KEY POINTS:
A new standard has been introduced to measure how much access people in different parts of the country have to non-urgent surgery.
The aim is to discover where access to surgery is more limited and address the shortfall.
The Ministry of Health has introduced "standardised discharge ratios" which break down elective surgery rates into district health board areas, and compare them to a national average.
A team of doctors and other medical specialists agreed on a list of 14 procedures which people should have equal access to, irrespective of where they lived.
These included hip replacements, knee replacements, hysterectomies, carpal tunnel procedures, hernia repairs and heart valve replacements.
The ratios compare a specific range of procedures within the public health sector only, and do not include urgent operations like an appendectomy or surgery for cancer.
The ministry's clinical adviser to the elective services programme, Ray Naden, said the ratios were designed to address inconsistent access to these operations across the country.
"If all DHBs were providing services at the same level, they would all be at 1," Dr Naden said.
"A rate higher than 1 indicates that the board is providing more than the average rate in New Zealand, and a rate lower than 1 indicates that the board is providing less than the average rate."
For example, Dr Nayden said, a district's ratio of 0.9 for orthopaedics meant people in that district received 90 per cent of the average national access for orthopaedic procedures.

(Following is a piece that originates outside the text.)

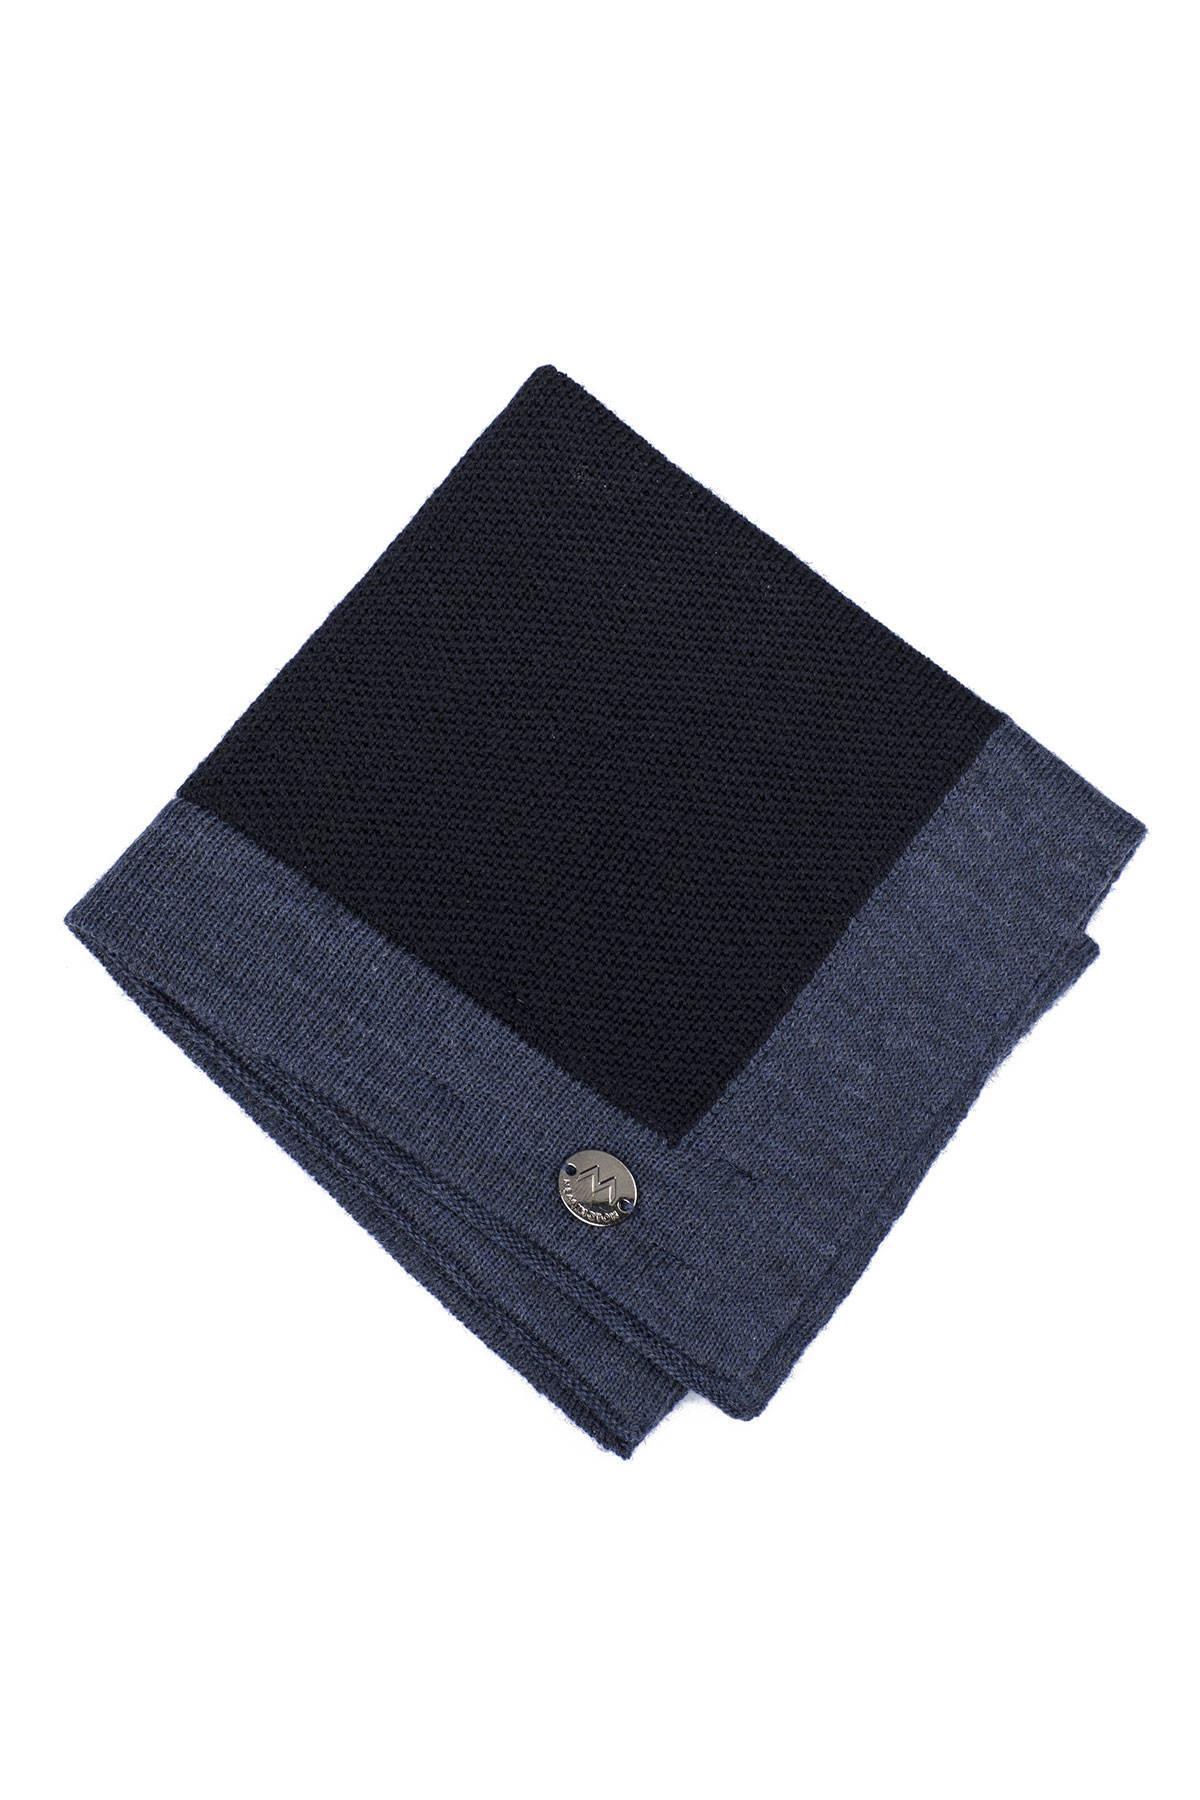 Lacivert Mavi Örgü Ceket Mendili

Lists of ratios for each of the country's 21 health districts can be found online at www.nzhis.govt.nz/stats/surgical/tables.html.
Northland, for example, scored just 0.63 for prostactomies, but 1.44 for heart valve replacements and repairs.
Meanwhile, Canterbury had a ratio of 1.50 for prostactomies and 1.20 for heart valves, but just 0.63 for carpel tunnel procedures.
Dr Nayden said the health boards would use the information to spot areas where patients' needs weren't being met, and to decide how to spend their share of the $200 million in new funding for better access to elective surgery.
But the figures weren't the final word on how each board stacked up in comparison to the others, he said.
"A board which has a standardised discharge ratio of 0.8 for dental (surgery) may be providing very good preventive oral health services, therefore people in that district need less secondary elective dental surgery than people in other parts of the country."
So in some cases a ratio below 1 could be a sign of better than average service.